■ Brief
Give again, exactly as written, the lines of the records below from the line with "This is a Central" to the line with "Bukhara carpet (Turkmen". Both end lines count; pictures do not.

■ Information given
=== Section Start ===

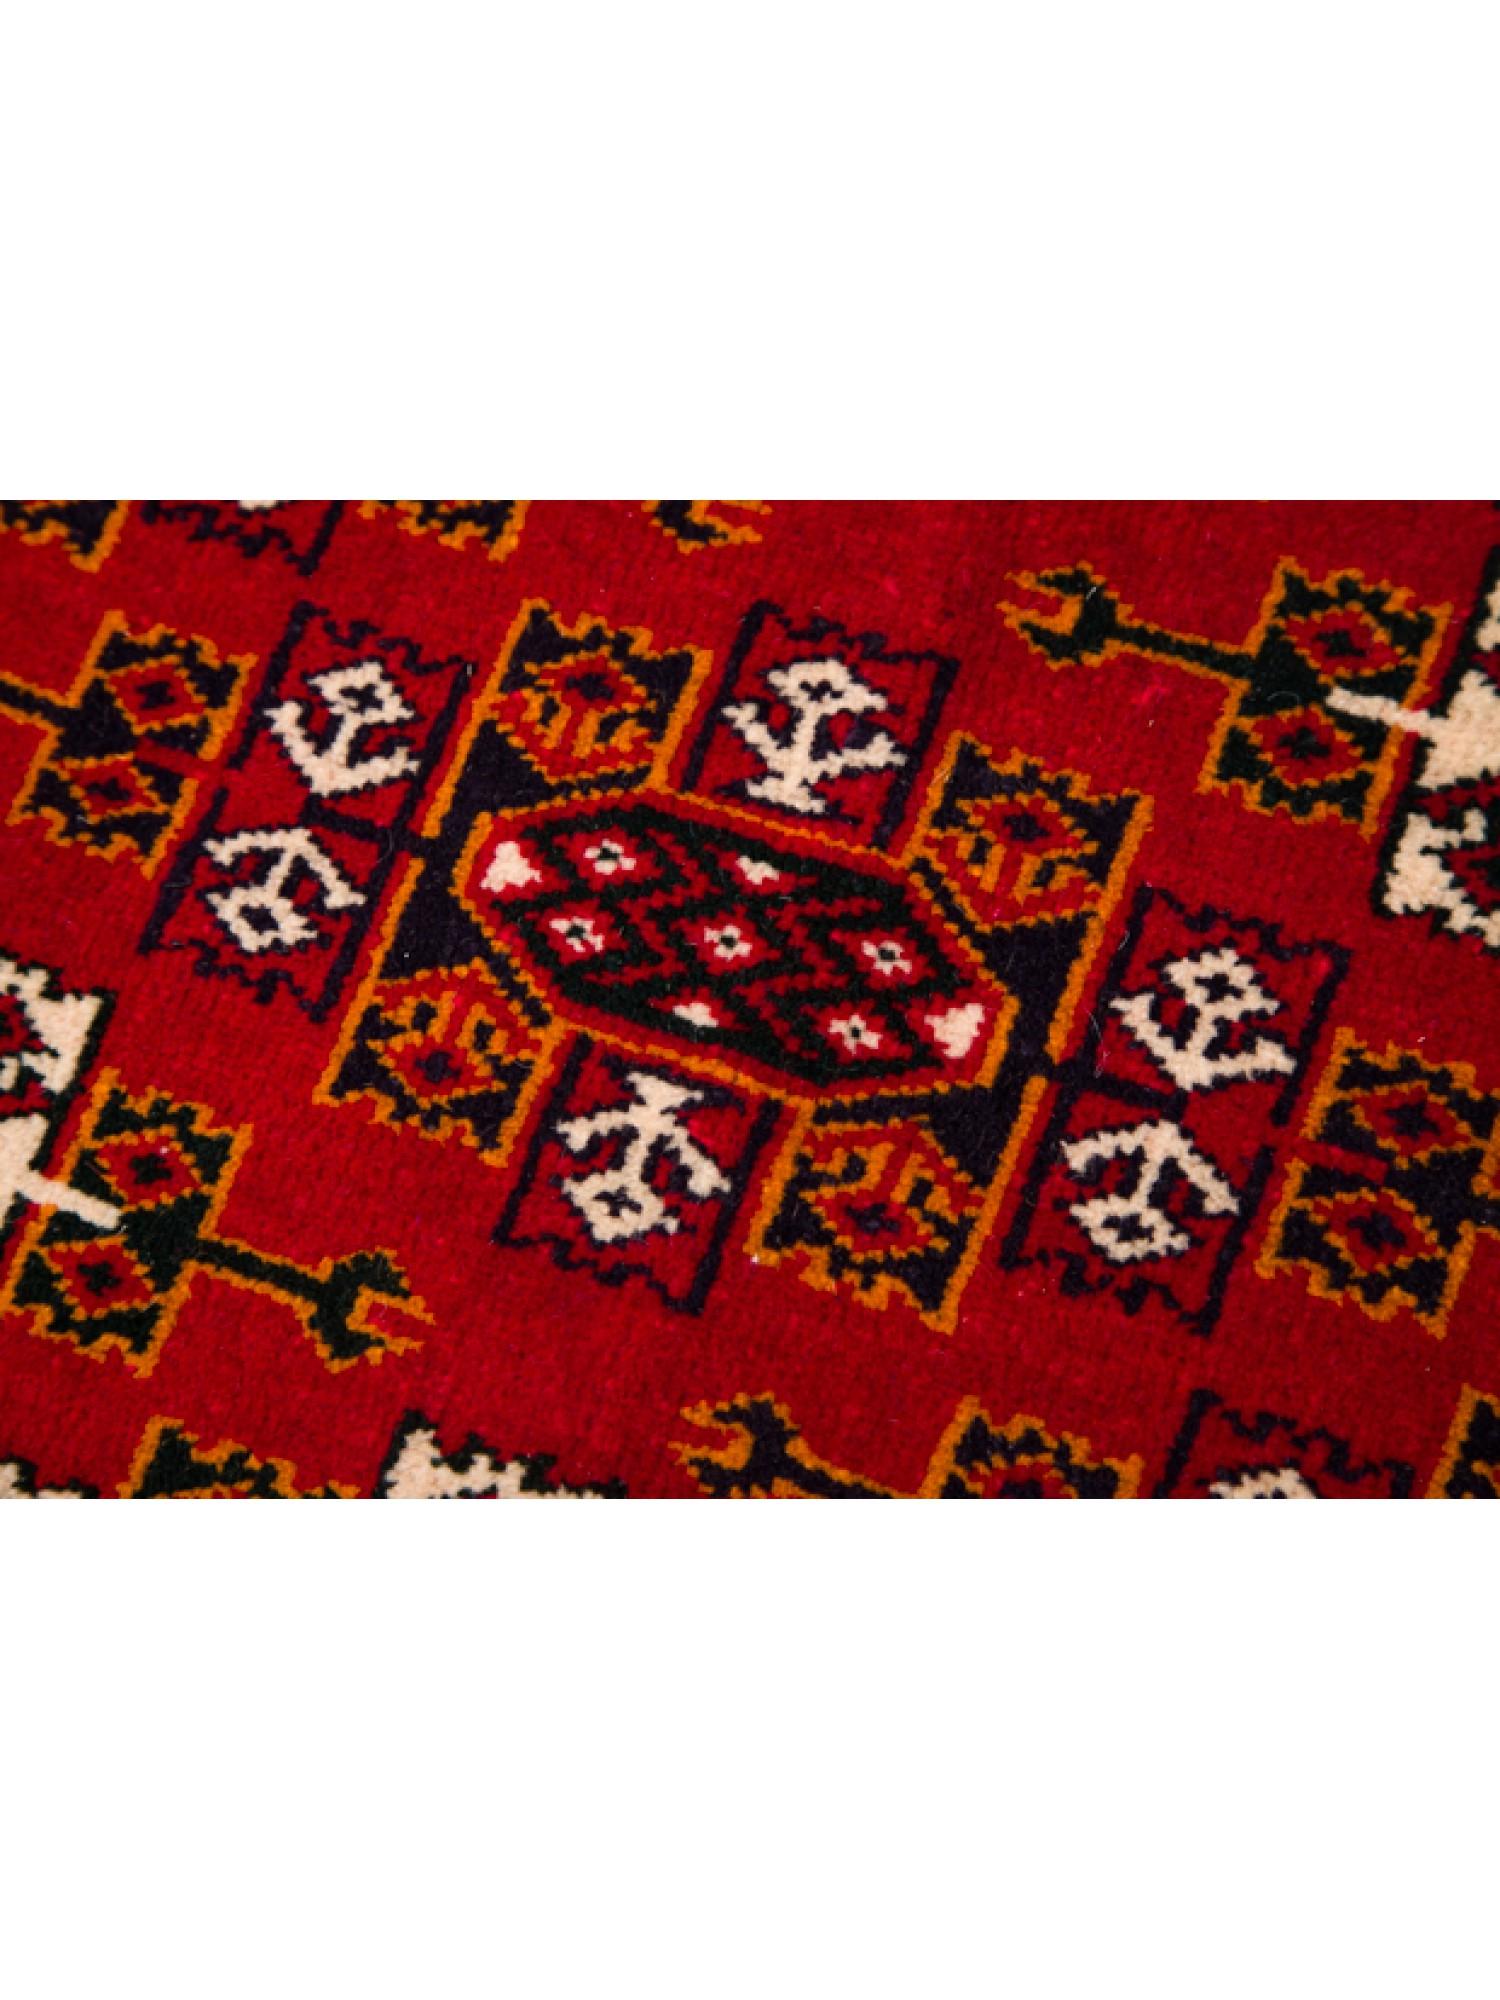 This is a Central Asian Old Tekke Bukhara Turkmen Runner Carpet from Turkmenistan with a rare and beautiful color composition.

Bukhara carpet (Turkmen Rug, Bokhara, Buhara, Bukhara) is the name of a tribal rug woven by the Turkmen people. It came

=== Section End ===
=== Section Start ===

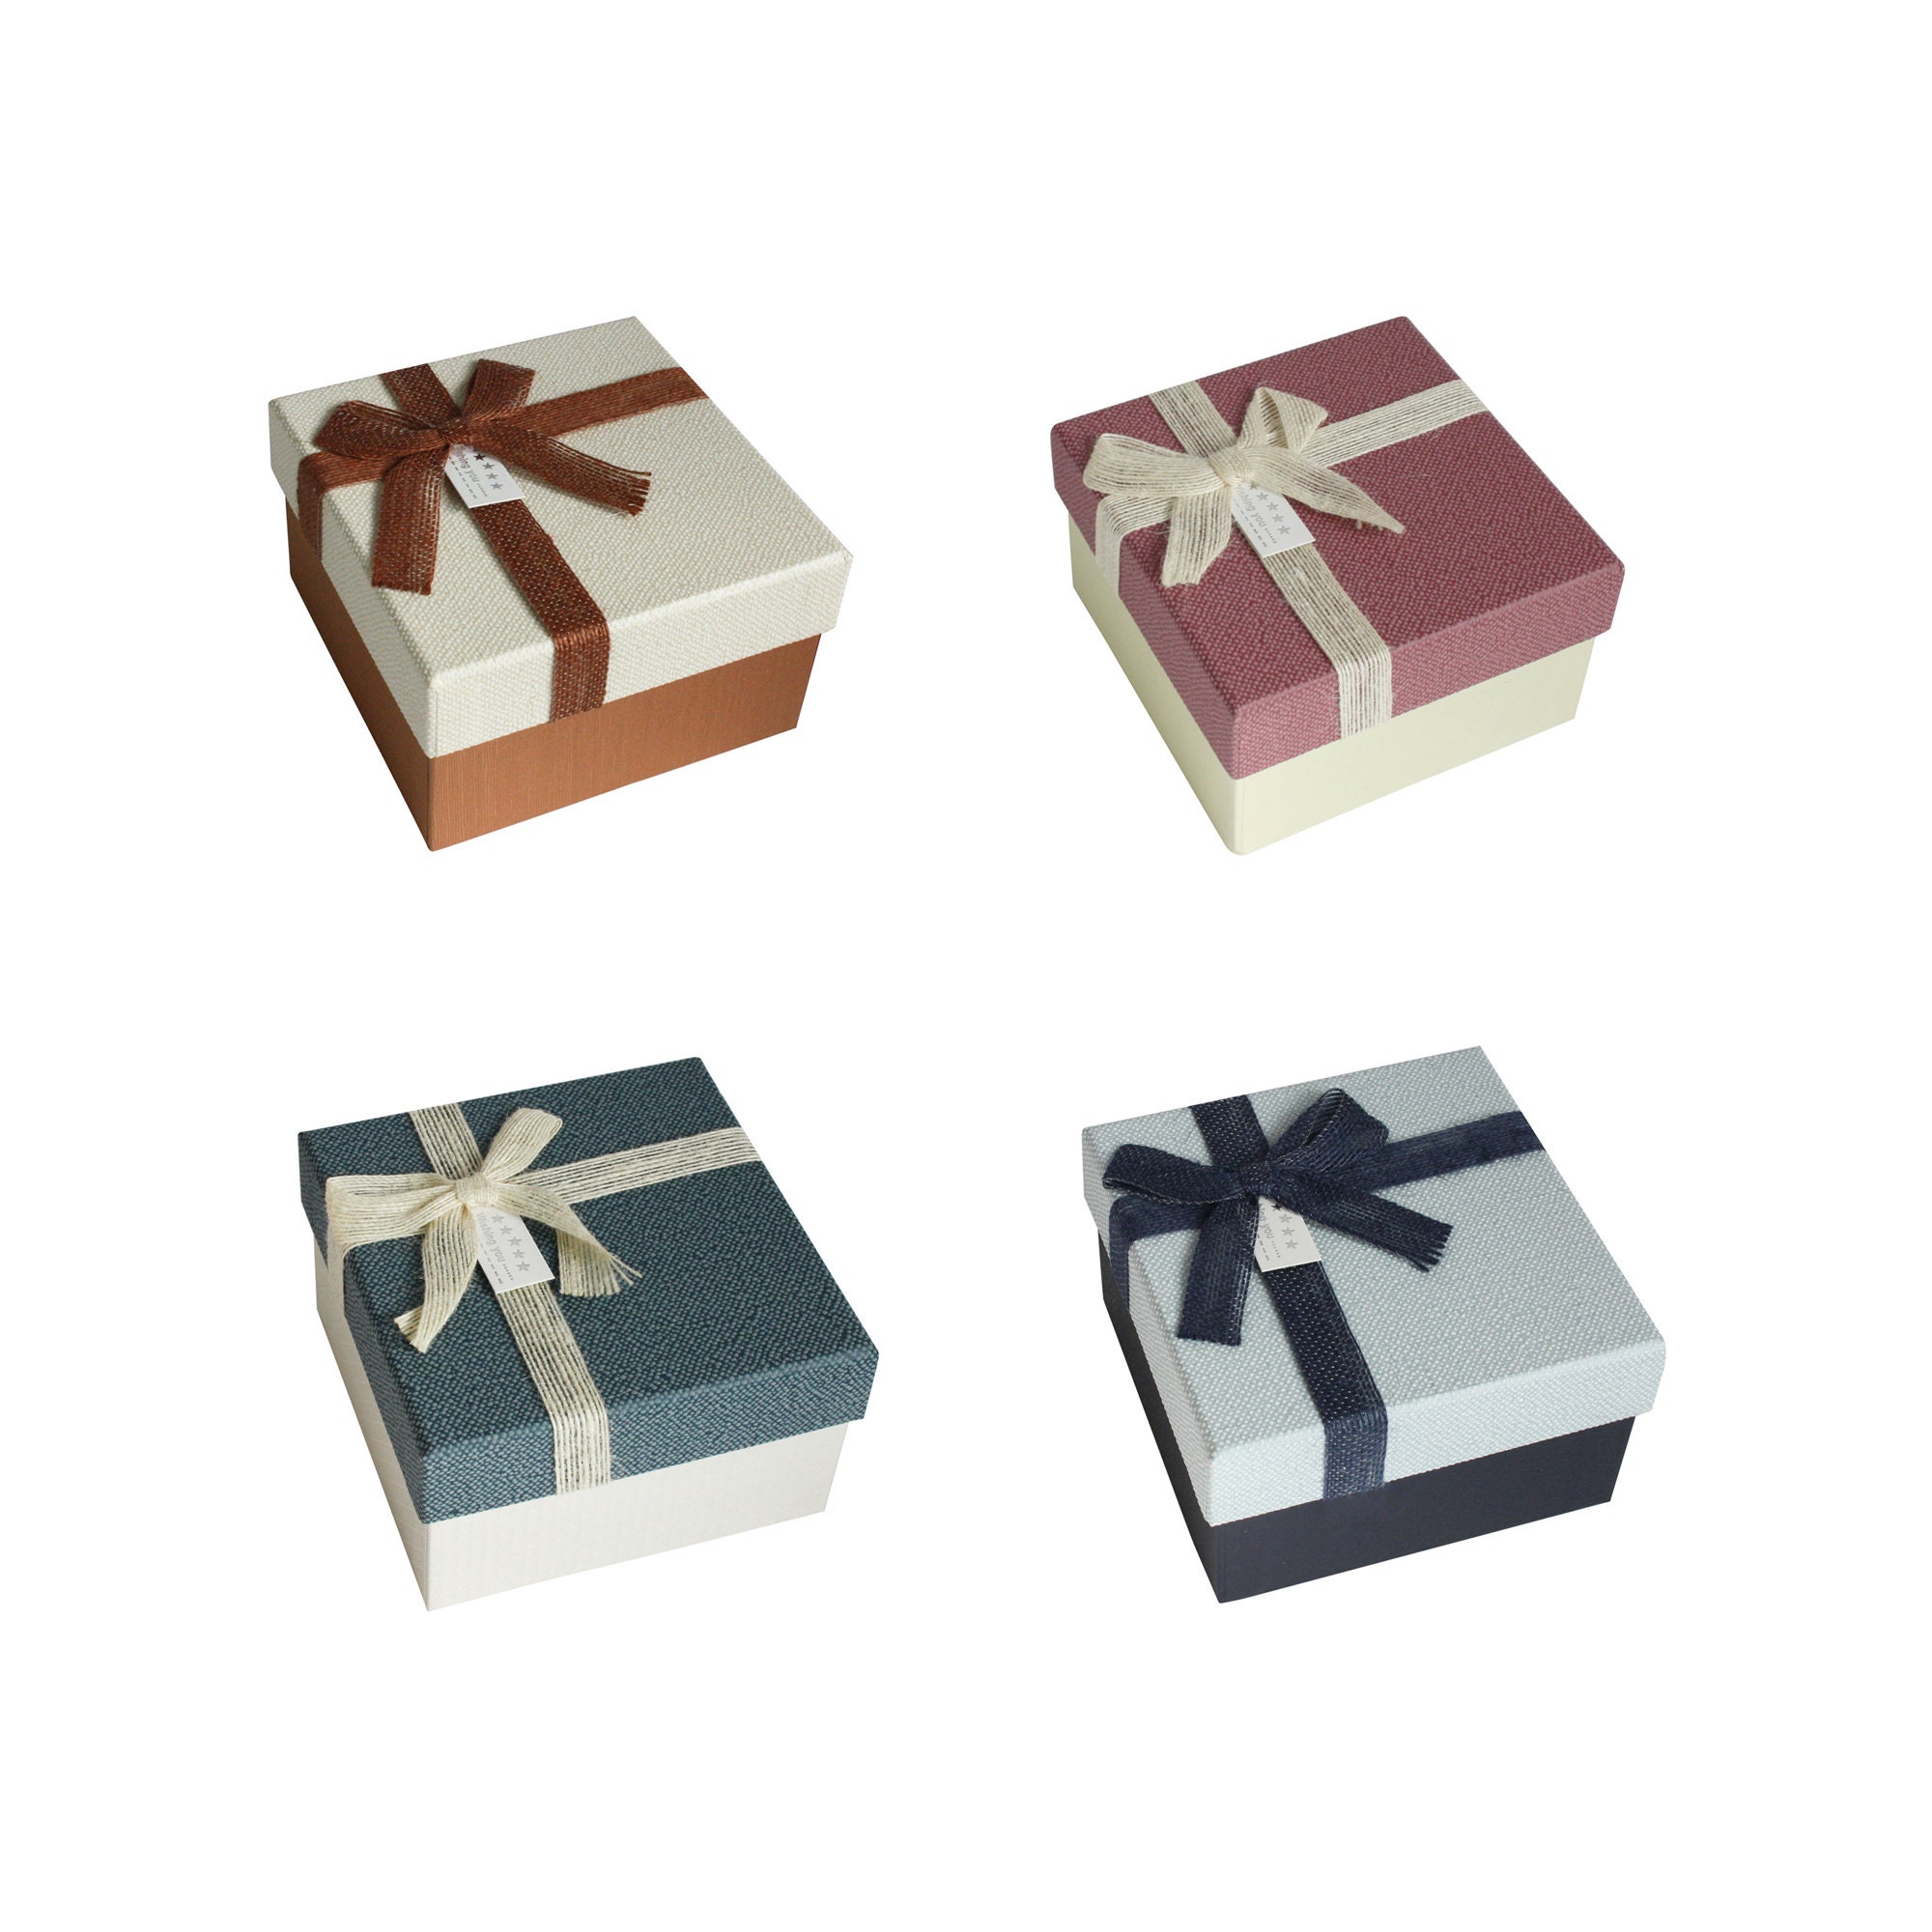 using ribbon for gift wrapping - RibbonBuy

=== Section End ===
=== Section Start ===

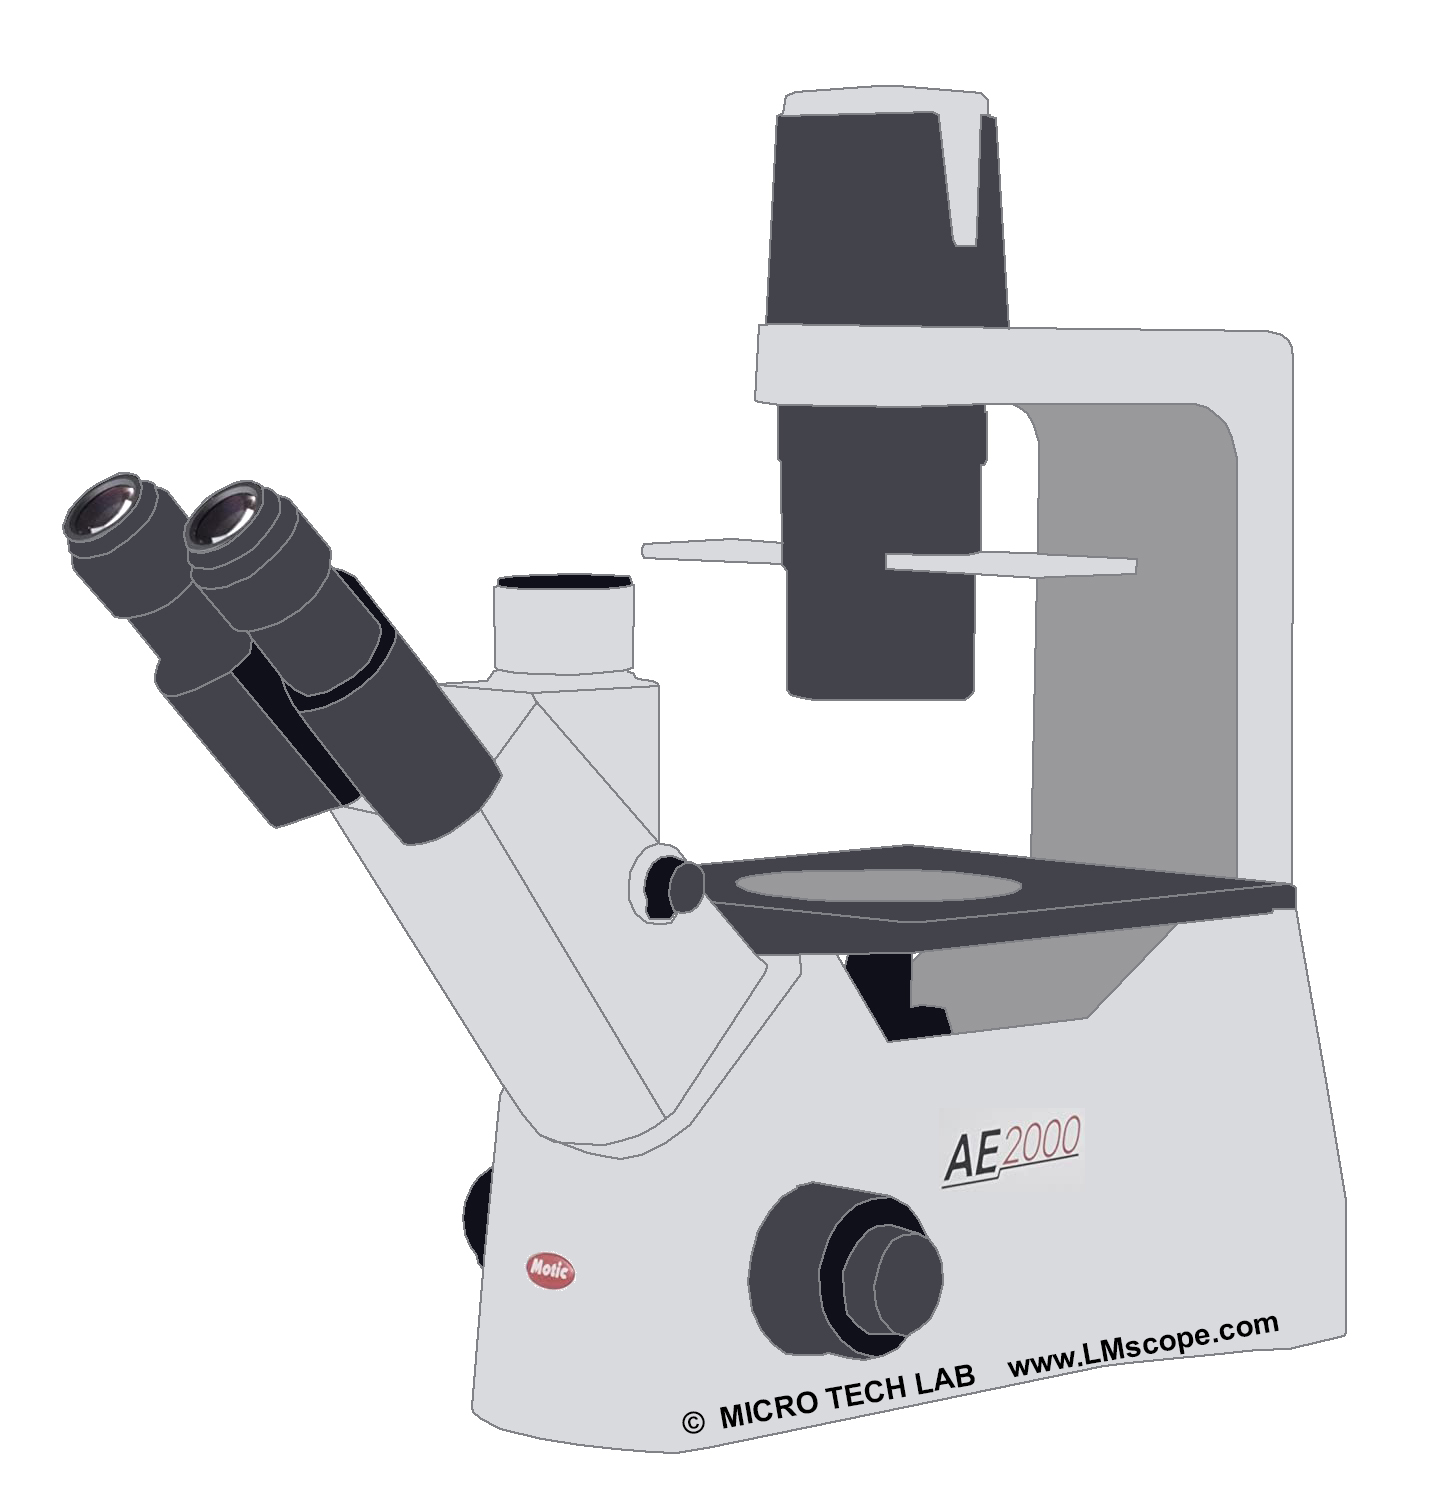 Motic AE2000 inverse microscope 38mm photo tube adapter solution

=== Section End ===

■ Solution to the problem
 This is a Central Asian Old Tekke Bukhara Turkmen Runner Carpet from Turkmenistan with a rare and beautiful color composition.

Bukhara carpet (Turkmen Rug, Bokhara, Buhara, Bukhara) is the name of a tribal rug woven by the Turkmen people. It came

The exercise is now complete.